In case of any severe damage of the test kit or components, Bio-Line Europe have to be informed written, latest one week after receiving the kit. Severely damaged single components should not be used for a test run. They have to be stored until a final solution has been found. After this, they should be disposed according to the official regulations.

5       SPECIMEN

5.1  Specimen collection

Serum or EDTA plasma should be used in the assay. No special pretreatment of sample is necessary
Collect blood by venipuncture, allow to clot, and separate serum by centrifugation at room temperature. Do not use haemolytic, icteric or lipaemic serum.
This kit is for use with samples without additives (like Na N3) only .

5.2  Specimen storage

Specimens should be capped and may be stored for up to 5 days at 2-8°C prior to assaying. Specimen held for a longer time should be frozen only once at -20°C prior to assay. Thawed samples should be inverted several times prior to testing.

5.3  Specimen dilution

If in an initial assay, a serum specimen is found to contain more than the highest calibrator, the specimens can be diluted 10-fold with Zero Calibrator and reassayed as described in Assay Procedure.

 

6       test procedure

6.1  General Remarks

·       All reagents and specimens must be allowed to come to room temperature before use. All reagents must be mixed without foaming.

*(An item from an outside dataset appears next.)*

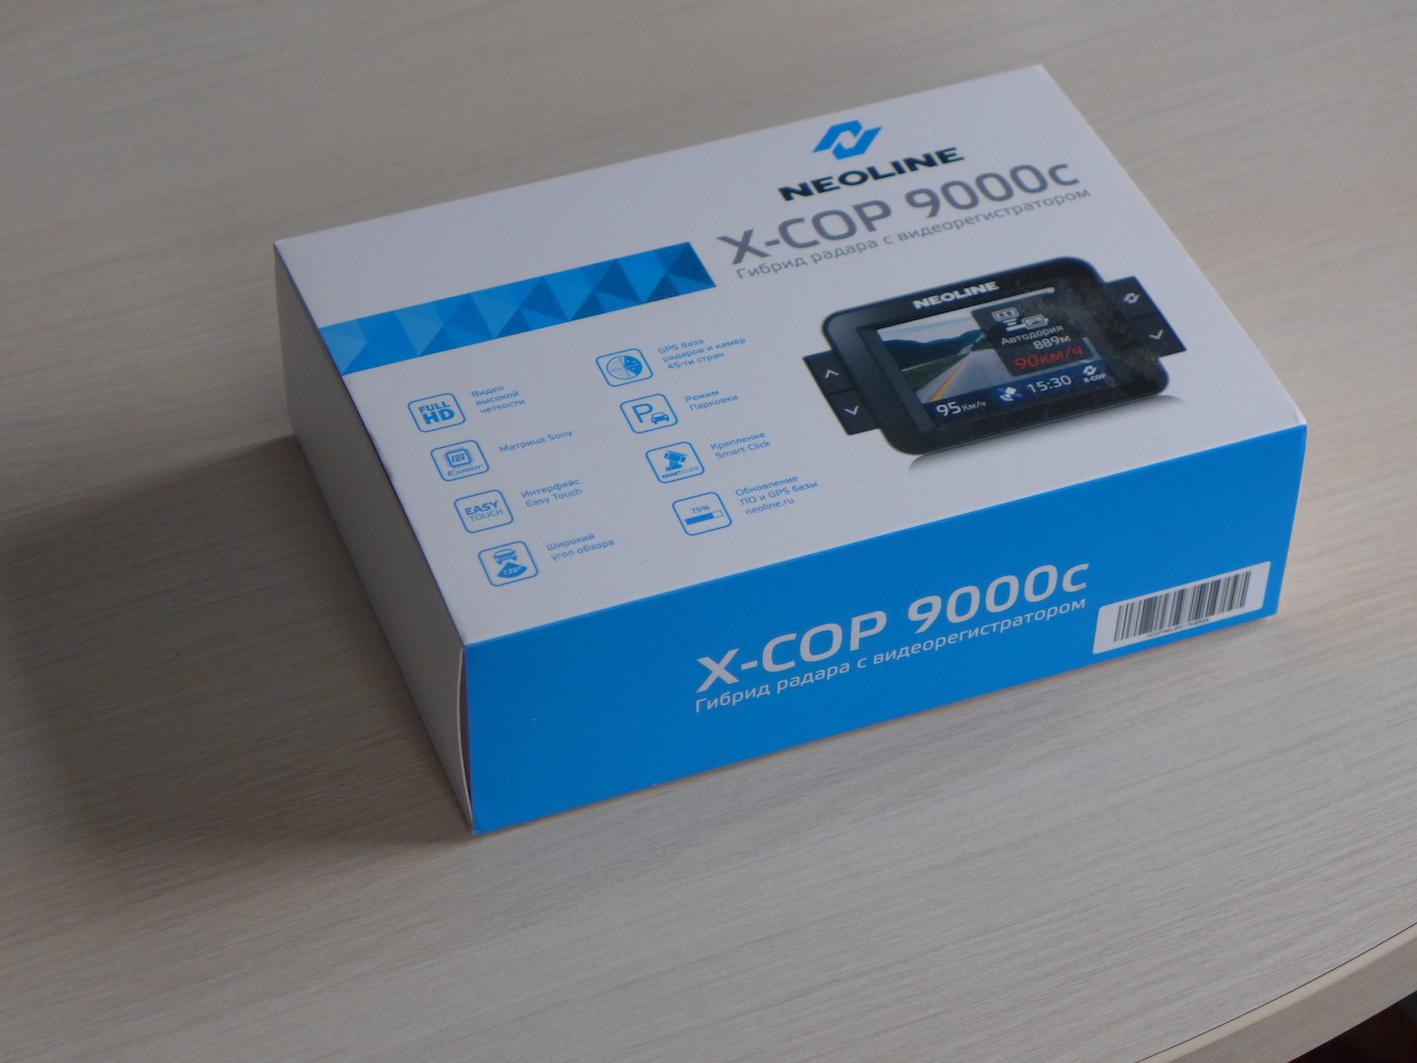 NEONLINE X-COP 9000c гибрид радар детектора и видеорегистратора

·       Once the test has been started, all steps should be completed without interruption.

·       Use new disposal plastic pipet tips for each calibrator, control of sample in order to avoid crosscontamination.

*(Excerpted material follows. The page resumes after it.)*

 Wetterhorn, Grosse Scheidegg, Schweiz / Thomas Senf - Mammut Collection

·       Absorbance is a function of the incubation time and temperature. Before starting the assay, it is recommended that all reagents be ready, caps removed, all needed wells secured in holder, etc. This will ensure equal elapsed time for each pipetting step without interruption.

6.2  Procedural Notes

·       All calibrators, samples, and controls should be run in duplicate concurrently so that all conditions of testing are the same.

·       The concentration of the samples can be read directly from this calibrator curve. Samples with a concentration higher than that of the highest calibrator have to be diluted 1 : 10 with Zero Calibrator. For the calculation of the concentrations this dilution factor has to be taken into account.

6.3  Assay Procedure

1.     Secure the desired number of Microtiterwells in the holder.

2.     Dispense 20 µl DHEA Calibrators, Controls and samples with new disposable tips into appropriate wells. Time between distribution of first Calibrator and last sample can be up to 10 minutes without affecting the results.

3.     Dispense 100 µl Enzyme Conjugate into each well.

4.     Thoroughly mix for 10 seconds. It is important to have a complete mixing in this step.

5.     Incubate for 1 hour at room temperature.

6.     Briskly shake out the contents of the wells.
Rinse the wells 3 times with diluted Wash Solution (400 µl per well). Strike the wells sharply on absorbent paper to remove residual water droplets.
Important note:
The sensitivity and precision of this assay is markedly influenced by the correct performance of the washing procedure!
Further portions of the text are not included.